In 2014, Turkmenistan launched the construction of the plant in Ahal province. The new complex is designed to process 1.785 bcm of natural gas per year into 600,000 tons of A-92 gasoline per year, 12,000 tons of diesel fuel and 115,000 tons of liquefied natural gas.
A framework agreement for this project was signed between the State Concern TurkmenGas and a consortium of companies including Kawasaki Heavy Industries Ltd (Japan) and Rönesans Türkmen (Turkey) in 2013.
In April 2016, the Turkmenistan Ministry of Oil & Gas announced that a consortium of South Korean LG International Corp., Hyundai Engineering Co, and Japanese Itochu Corporation will start the construction of a new plant to produce synthetic liquid fuels (GTL, gas-to-liquid).

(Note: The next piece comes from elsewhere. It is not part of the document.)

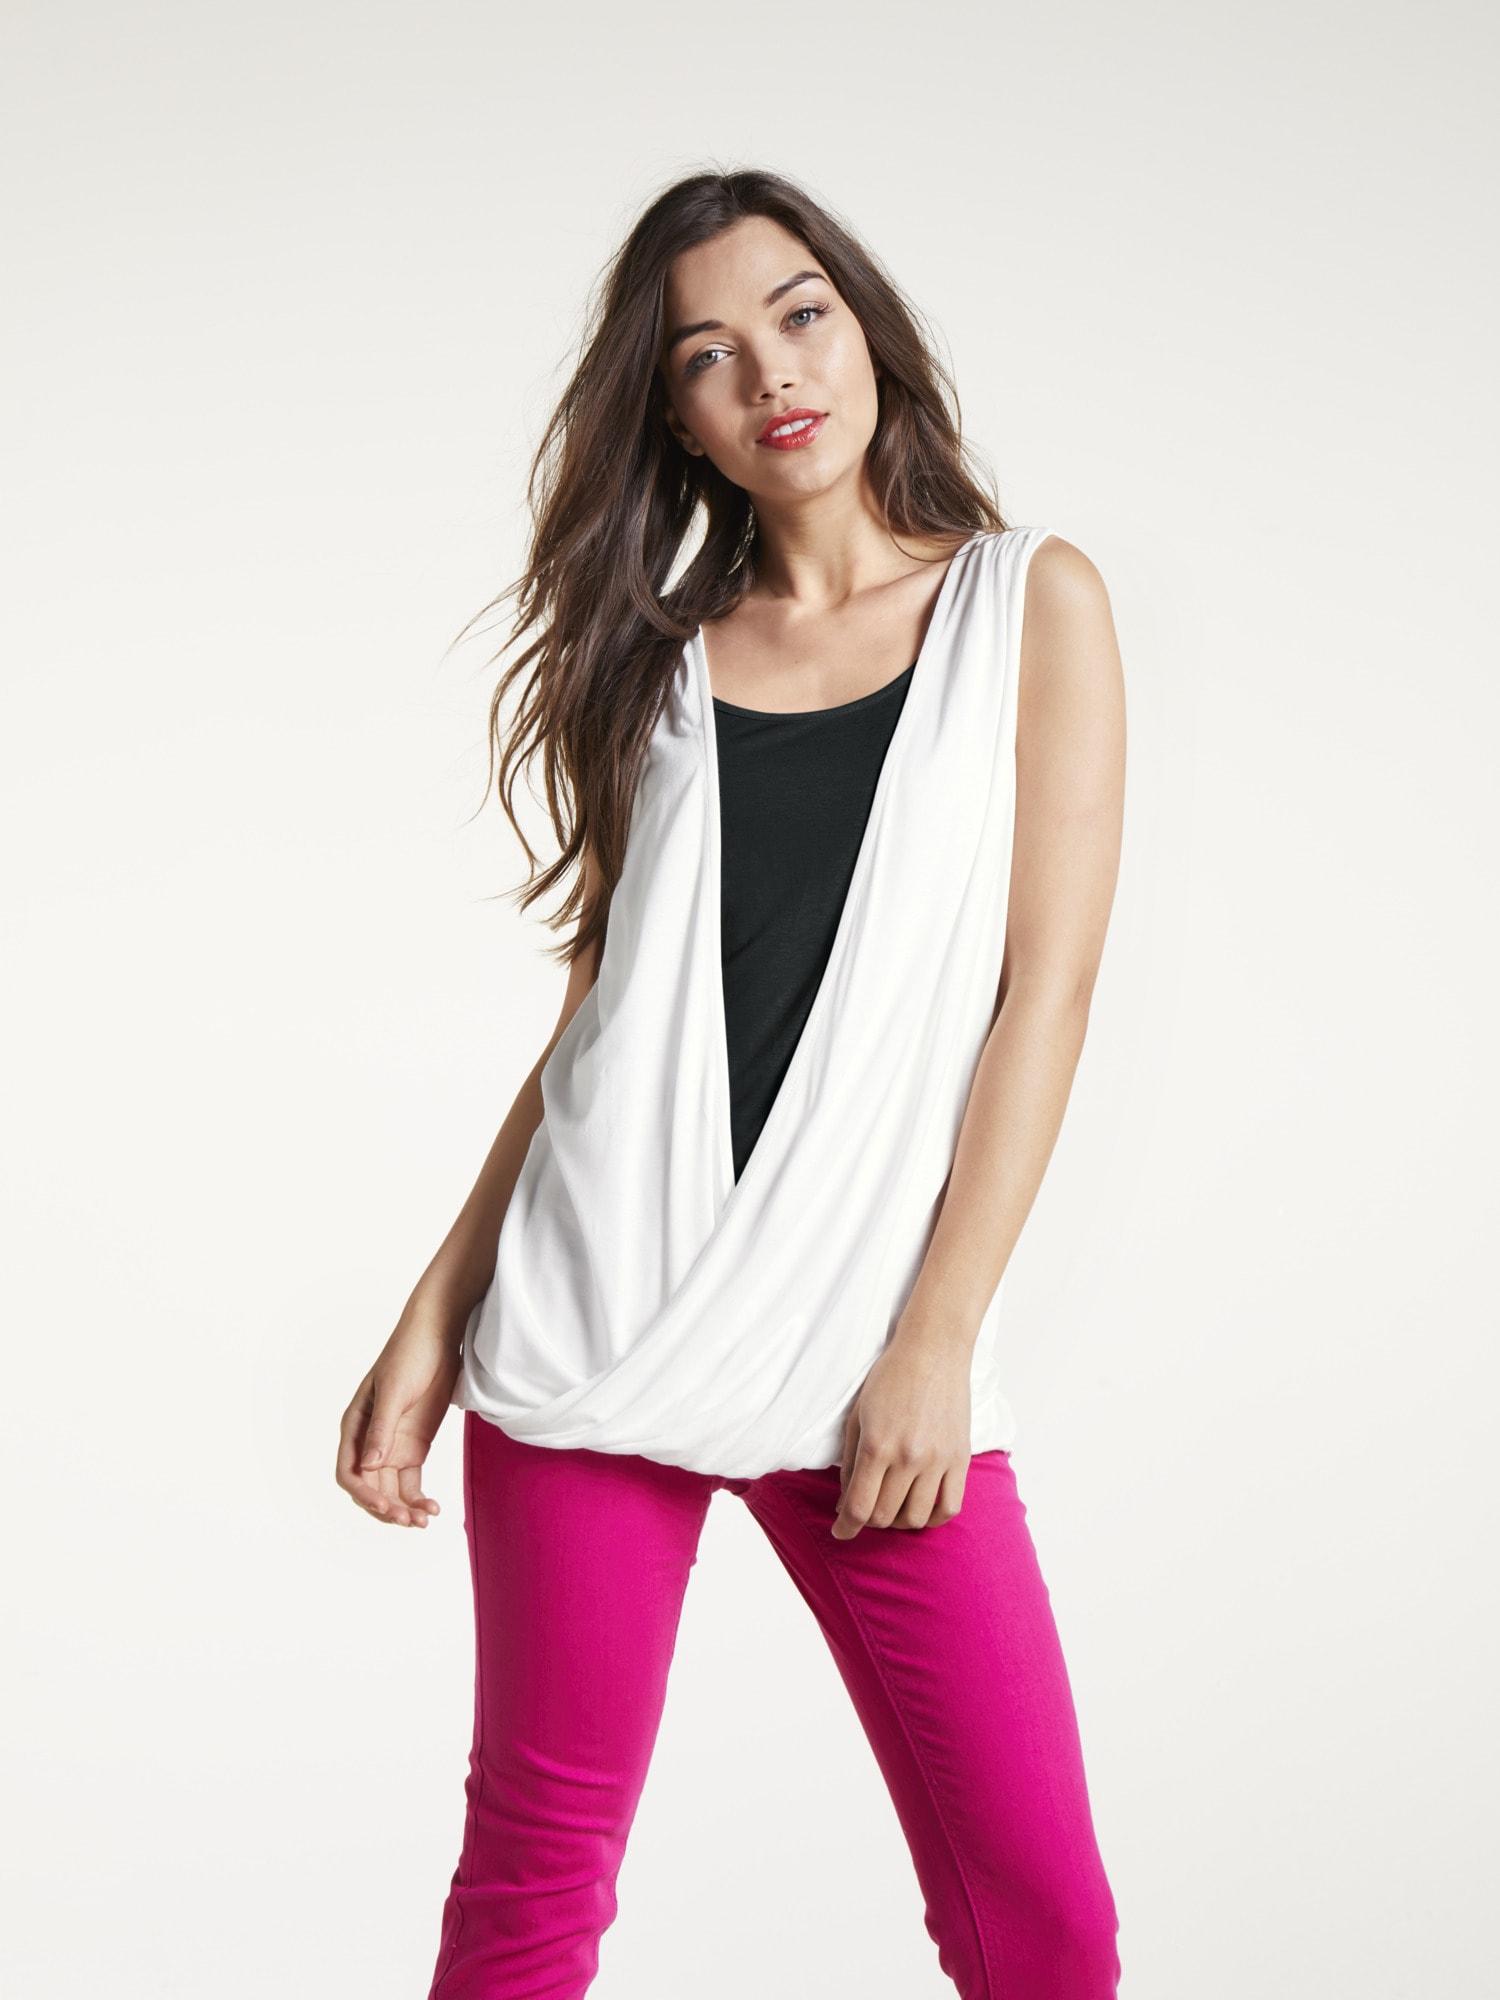 heine CASUAL Shirttop Two-in-One Optik   Bekleidung > Tops > 2-in-1-Tops   Weiß   Viskose   Heine Casual

The complex is designed to process 3.7 bcm of natural gas into 1,100,000 tons of diesel fuel, as well as more than 400,000 tons of straight-run gasoline (naphtha), per year.
Turkmenistan is one of the five Caspian Sea littoral countries, an area with large volumes of oil and natural gas reserves. The country had estimated proven natural gas reserves of 265 trillion cubic feet (Tcf) as of January 2016, according to the US Energy Information Administration (EIA). It is the sixth largest natural gas reserve holder in the world according to the Oil and Gas Journal, and was among the top 15 dry natural gas producers in 2015.
The country has several of the world’s largest natural gas fields, including 10 with more than 3.5 Tcf of reserves.